In their latest Q4 2022 Market Commentary, Pzena explain why the stage is set for another powerful value cycle. Here’s an excerpt from the letter:
Equity market performance in periods of high inflation and slow or negative GDP growth has been top of mind for many of our clients.
While no two periods are exactly alike, history once again provides an interesting comparison, as the period starting in late 1973 and lasting through late 1982 saw a similar geopolitical and macroeconomic backdrop to what we are seeing today (Exhibit 5).
The near decade-long stagflation period saw two global recessions and 8.2% average annual inflation, hardly a backdrop conducive to investing in equities.

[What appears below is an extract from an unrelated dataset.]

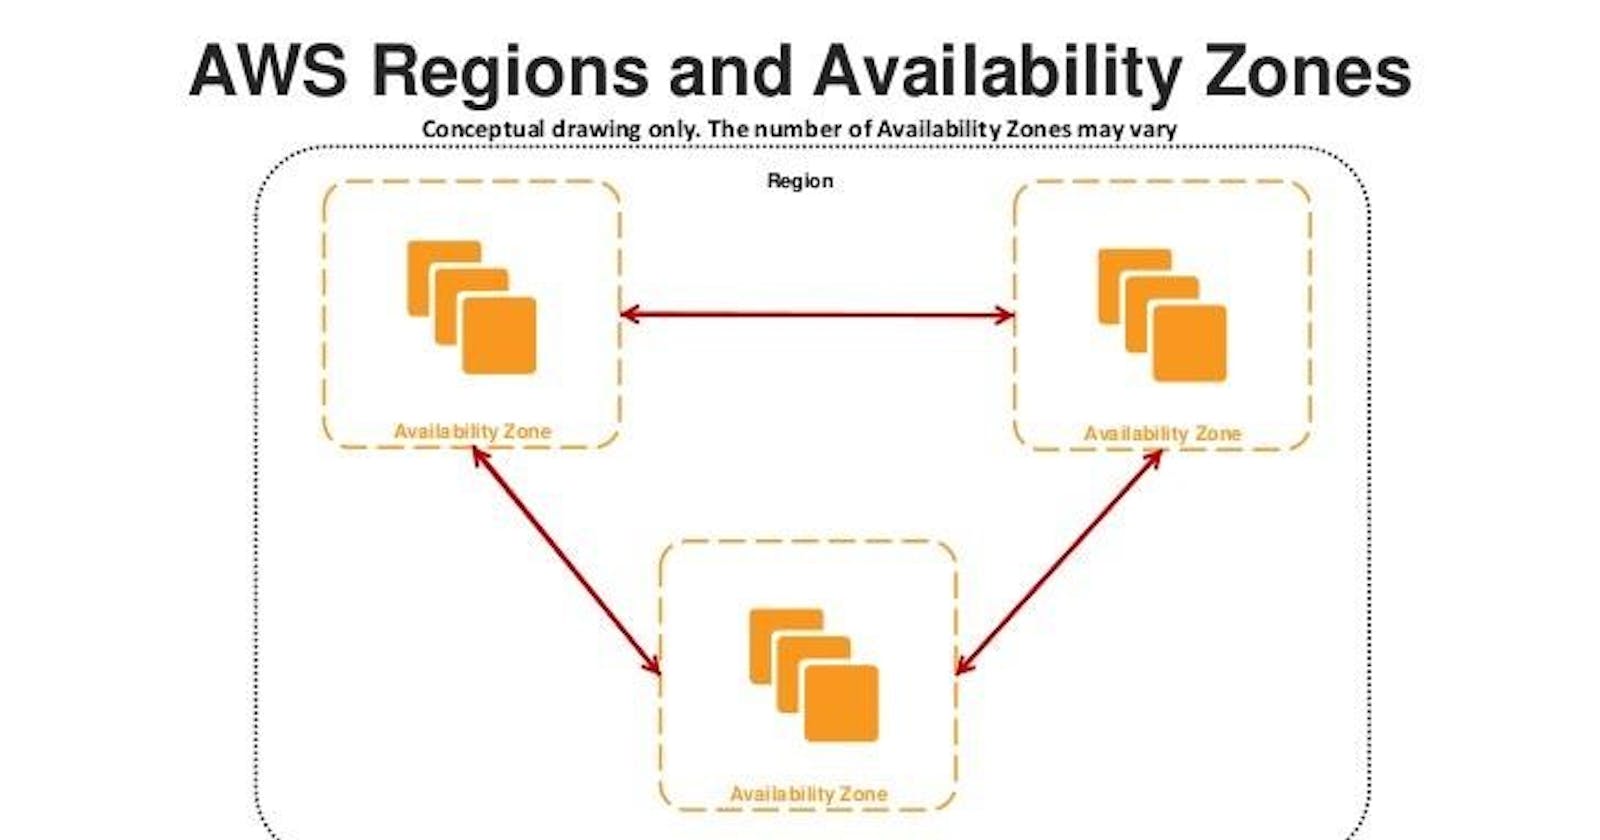 Regions and Availability Zones (AWS Day 5)

However, real GDP still grew at 3.1% per year, global equities returned 5.5% per year, and value returned 12.5%. This robust performance made cheap stocks one of the few asset classes that generated positive real returns during this turbulent period (Exhibit 6).
We believe that one of the primary drivers of value’s robust performance during this period was its starting point. Record-wide valuation spreads (at the time) following the Nifty Fifty era set the stage for a long and powerful value cycle.
Geopolitical and macroeconomic concerns led to global equity market declines this year that were, on average, in line with past recessions.
While the macroeconomic environment has not become any clearer this year, it bears remembering that recessions are typically short and manageable and the seeds of market rallies are planted during recession-driven market selloffs, as the market performs particularly well in the five-year period following the start of a recession, and value tends to outperform.
Similar to the prior period of stagflation, we believe cheap stocks globally appear to stand out in offering solid positive real earnings yields.